I'll typically take the Tamron 35 VC, Sigma 50 and 135 in the bag, and have the 100-400 II on the camera. The alternate setup is to take the Tamron 15-30 along with the 50 and 85 if I suspect I'll need a shorter lineup. 

I find that the Tamron 35 and the 15-30 are two that I interchange frequently; and the Tamron 85 and sigma 135 are swapped with some frequency. The problem is that the 135 is made with magic unicorn dust, and I don't like taking it off the camera, so this very fine Tamron lens gets more and more lonely. 

Won't sell it.


----------



## LordofTackle (May 22, 2017)

sanj said:


> 600mm. So useless. Use it once a year or so.

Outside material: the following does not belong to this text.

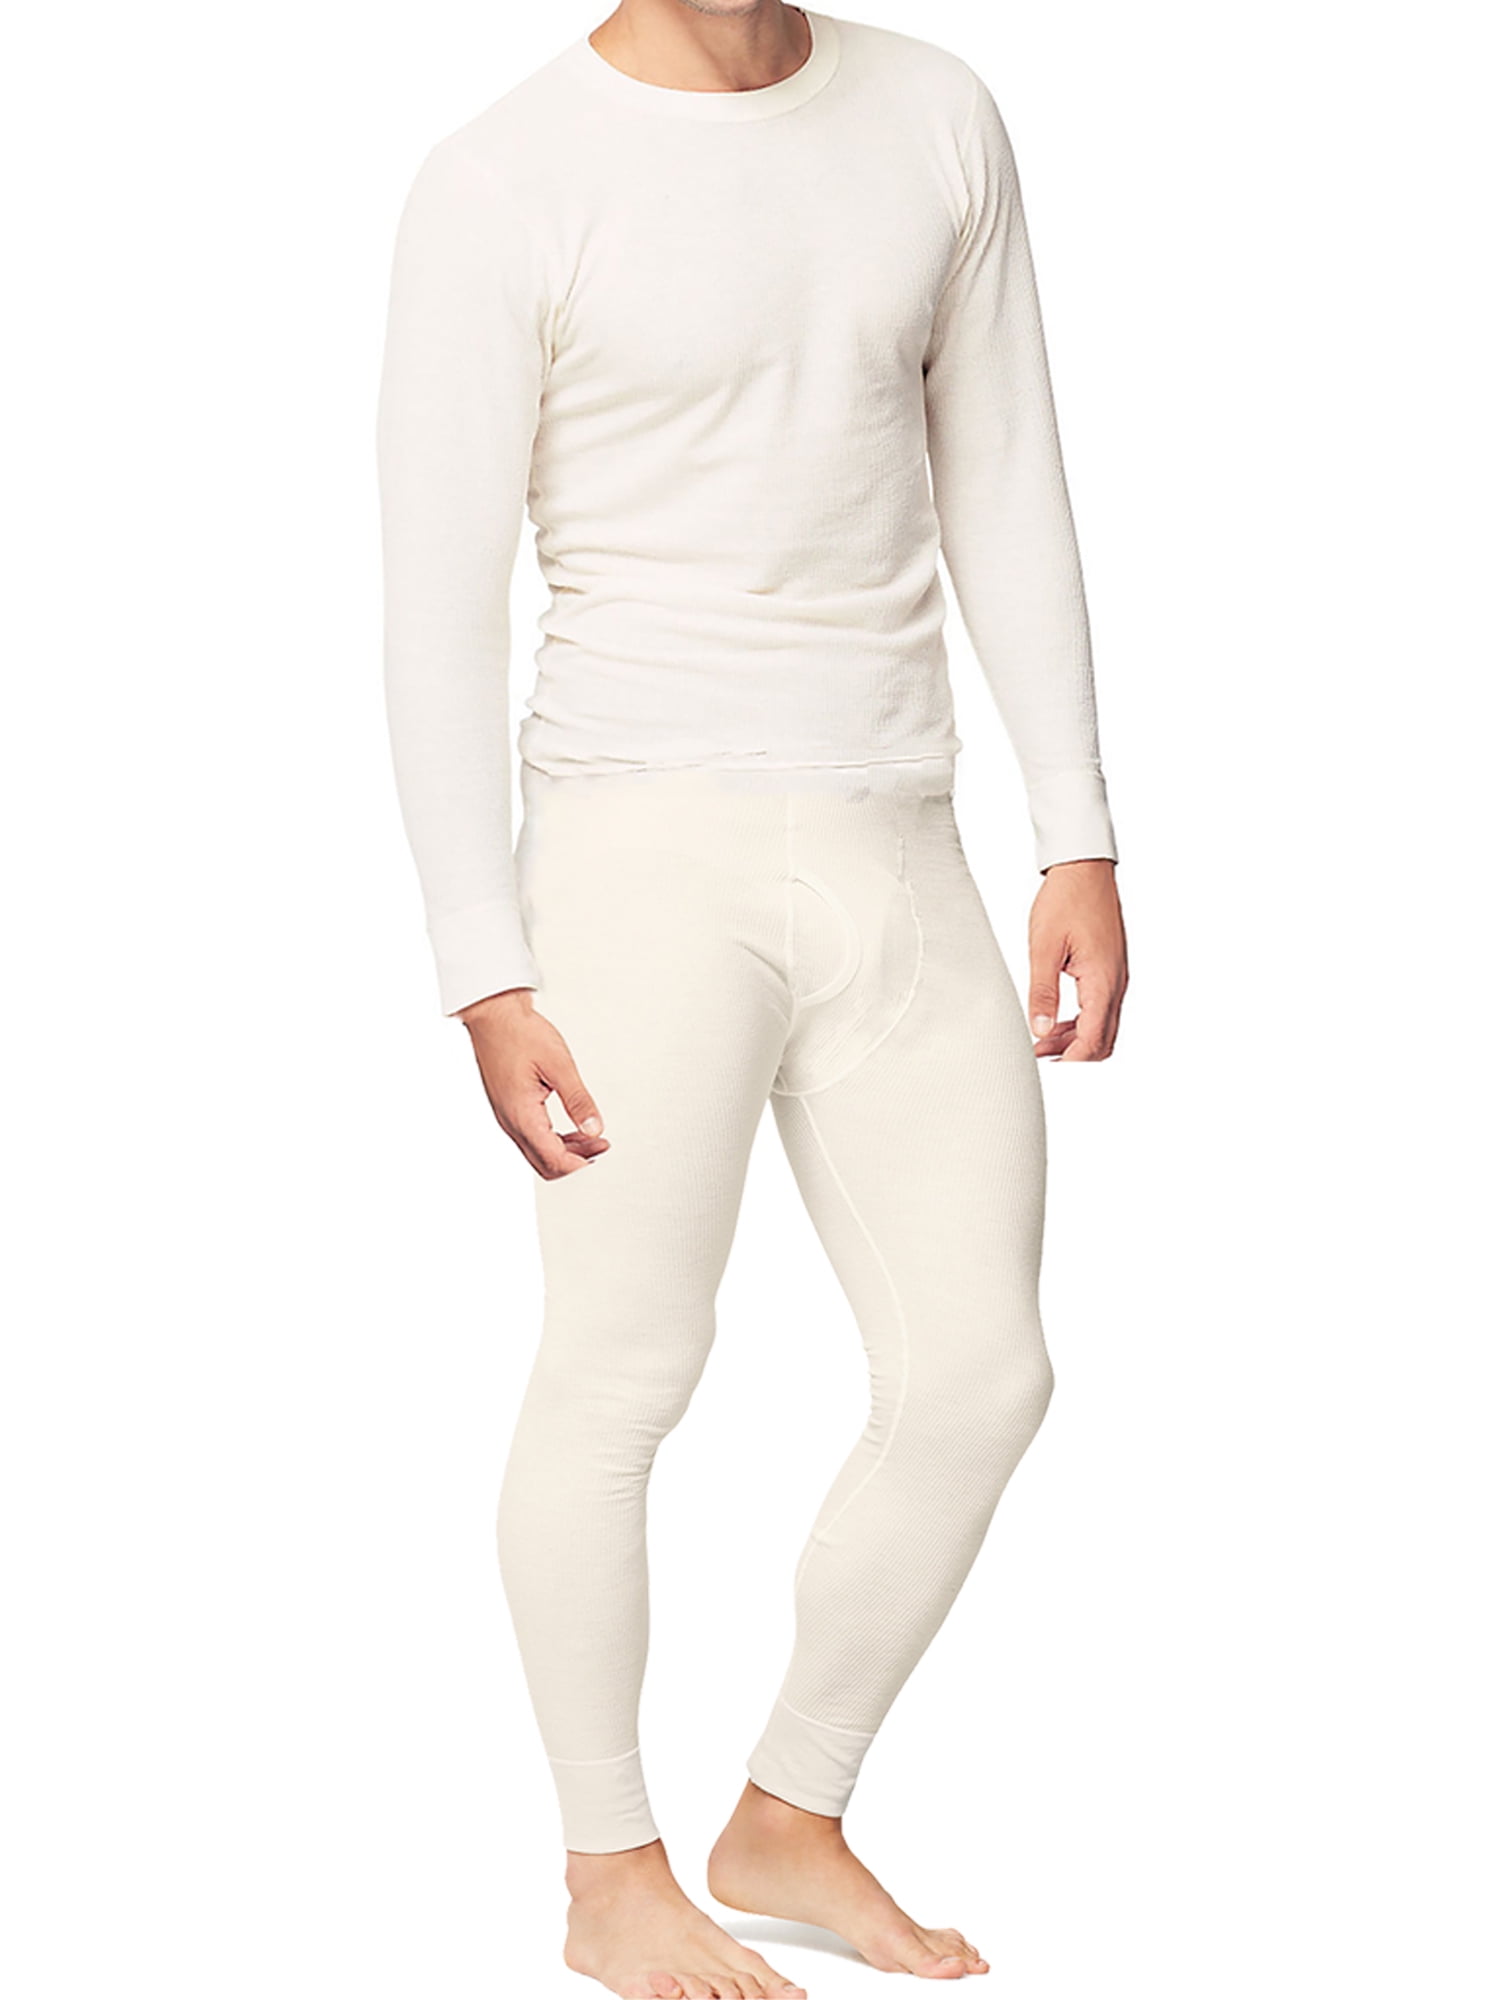 Place and Street Mens 2pc Thermal Underwear Set Cotton Long Johns

I'd like to have your problem 

For me it's the 50mm 1.4. I bought it when I started with FF and everyone said that 50mm is THE focal lenght, also strangely, it got pretty good critiques here. First copy was DOA (AF motor), second I kept. I rarely use it, mostly on some family parties. Over the time I just found that I am more a 85mm person 

The 100L 2.8 macro. It's a fantastic lens but I just don't have much time to do macro so it mostly sits on the shelf.

-Sebastian


----------



## Jopa (May 23, 2017)

Zeiss Otus 85 and 135 APO. Because MF and no IS! Good lenses though.


----------



## slclick (May 23, 2017)

200 2.8 L. True there is a lot of redundancy out there with this one but when I used it as the sole lens in my bag and gave it quality shoot time, it always amazed me.


----------



## c.d.embrey (May 23, 2017)

GAS can be a real financial drag. Especially the use-once-a-year Big White 

I own a EF-S 10-22mm and an EF 85mm f/1.8 for use with my xxD cameras, and a 50mm f/1.8, plus using the already mentioned EF 85mm f/1.8 for my Elan7n film camera. If I buy the upcoming EOS 6D2, I'll continue to use the same lenses I use with my Full Frame Film camera.

This doesn't stop me from using 300mm f/2.8. 400 f/2.8 or 400mm DO when I need them. My local rental house has them  They also have 5D3 cameras and TS-E 90mm T&S lenses when I need them 

Having rental insurance is a lot less expensive than owning seldom used lenses.


----------



## Zeidora (May 23, 2017)

I think I only have one, a 126 format fold-out film camera with fix lens. Never used it. But just like the look of it. Sits on a crapy tiny tripod in a book case. 
For everything else, if it does not sing, it's gone. Sold an OM system, a Leica M3 system, all Contax gear (except for F-Distagon 16 mm); briefly owned a Nikon F3HP with a 3 lenses, I think. Have not sold a lens for the Canon dSLR yet. But having owned a bunch of stuff previously, I know what I like and what not. So I did not buy the Otus 28 (had that on OM and Contax, hardly ever used it), and neither the Otus 135 (had that on OM).


----------



## axtstern (May 23, 2017)

This becomes a trip down Memory lane.

Especialy reading abot the teleconverters. I only own the older Version of the 1.4 and 2.0 after remembering about them I wondered where they have gone. Found them in the box of the old 400 2.8 L Mark 1. With that old lens neither the 1.4 or the 2.0 did to much damage.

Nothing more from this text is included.